We can intuitively see the relative rate of change between variance and bias in our previous test MSE graph:
plt.figure(figsize=(fig_size_x * 0.6, fig_size_y))
plt.plot(flexibility, train_mses, '-', color='gray', linewidth=2, label='Training MSE')
plt.plot(flexibility, test_mses, '-', color='red', linewidth=2, label='Test MSE')
for i, (f, c) in enumerate(zip(flexibility, colors)):
plt.plot(f, train_mses[i], 's', color=c, markersize=5)
plt.plot(f, test_mses[i], 's', color=c, markersize=5)

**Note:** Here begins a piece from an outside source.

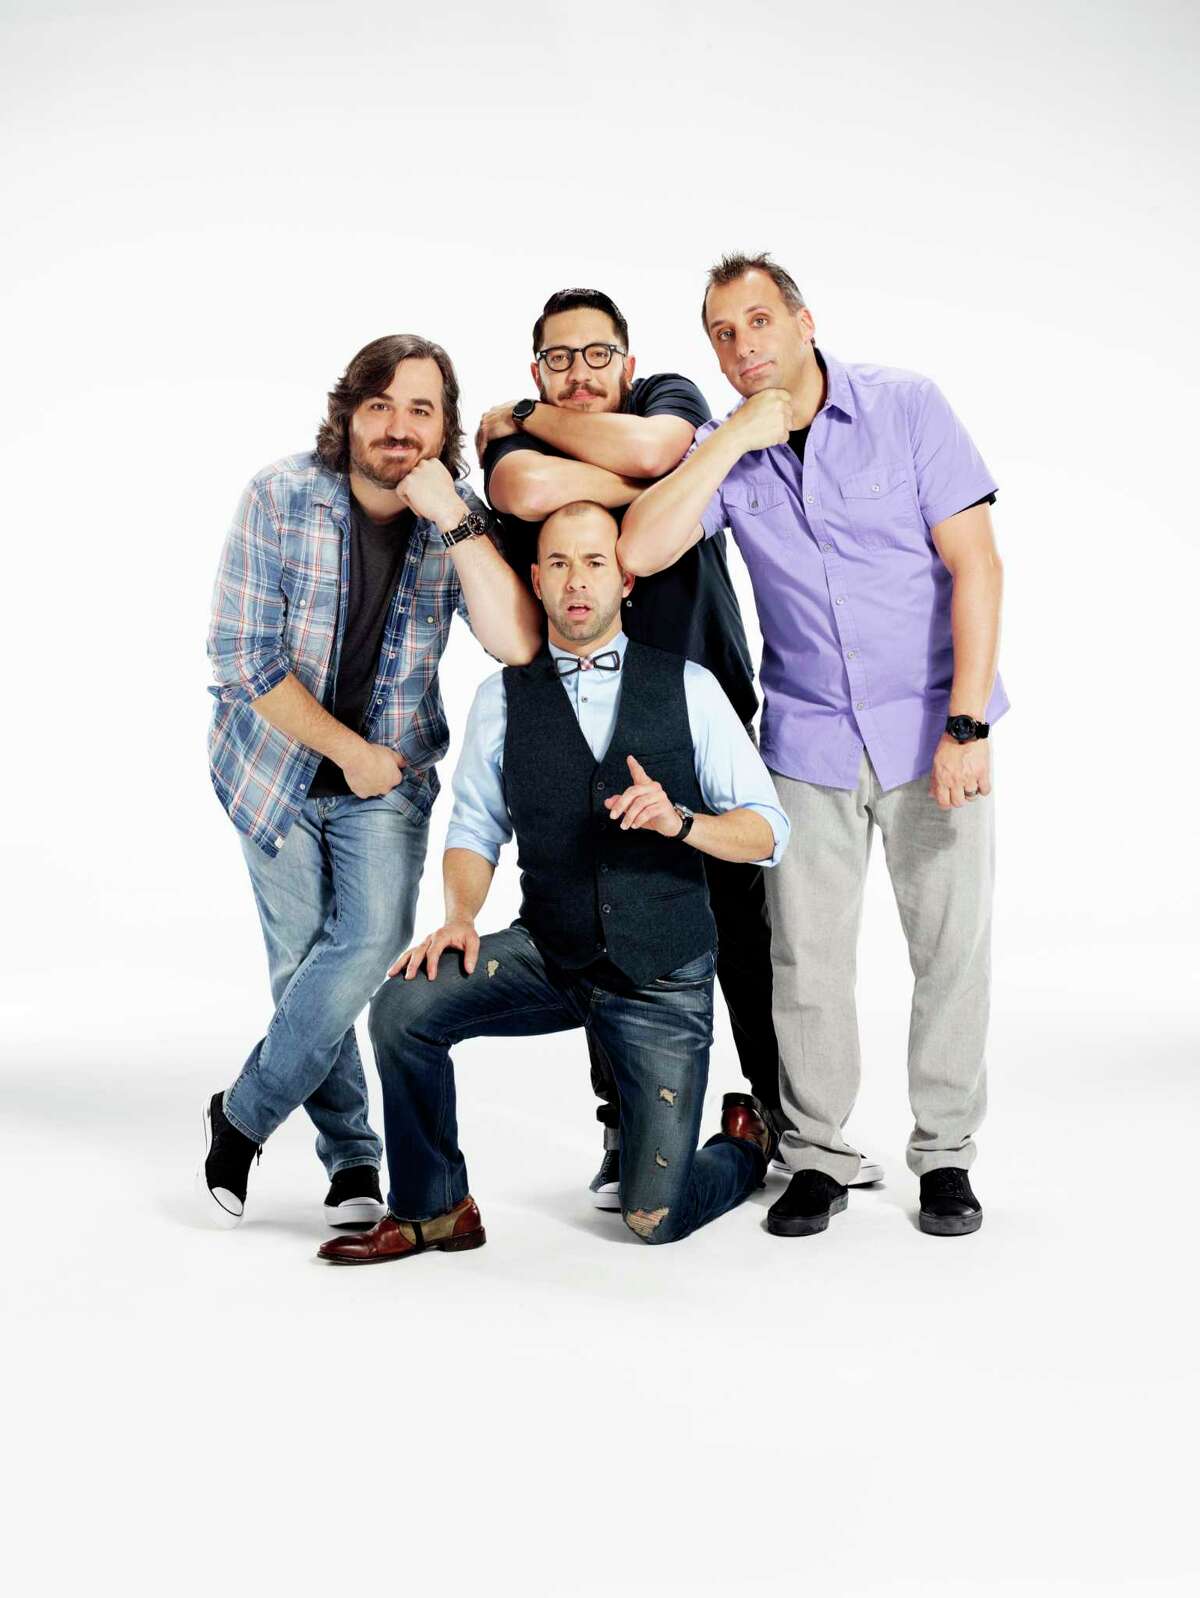 Impractical Jokers laugh at themselves and welcome you to join in

plt.xlabel('Flexibility (degree)')
plt.ylabel('Mean Squared Error')
#plt.ylabel('Mean Squared Error (log scale)')
#plt.yscale('log')
plt.xticks(flexibility, ['1', '3', '15'])
plt.legend(loc='upper center')
plt.grid(False)
plt.tight_layout()
plt.show()
plt.close()
As we increase the model flexibility (in this example controlled by the degree of the polynomial used to compute \(\hat{f}\)), the bias decreases faster than the variance increases and the test MSE drops. Eventually, increasing the flexibility does little to keep reducing the bias, but starts to significantly increase the variance, resulting in the test MSE to go back up again.
Looking at the test MSE plot, which model would you select and why? Would you consider evaluating polynomilas with other degrees?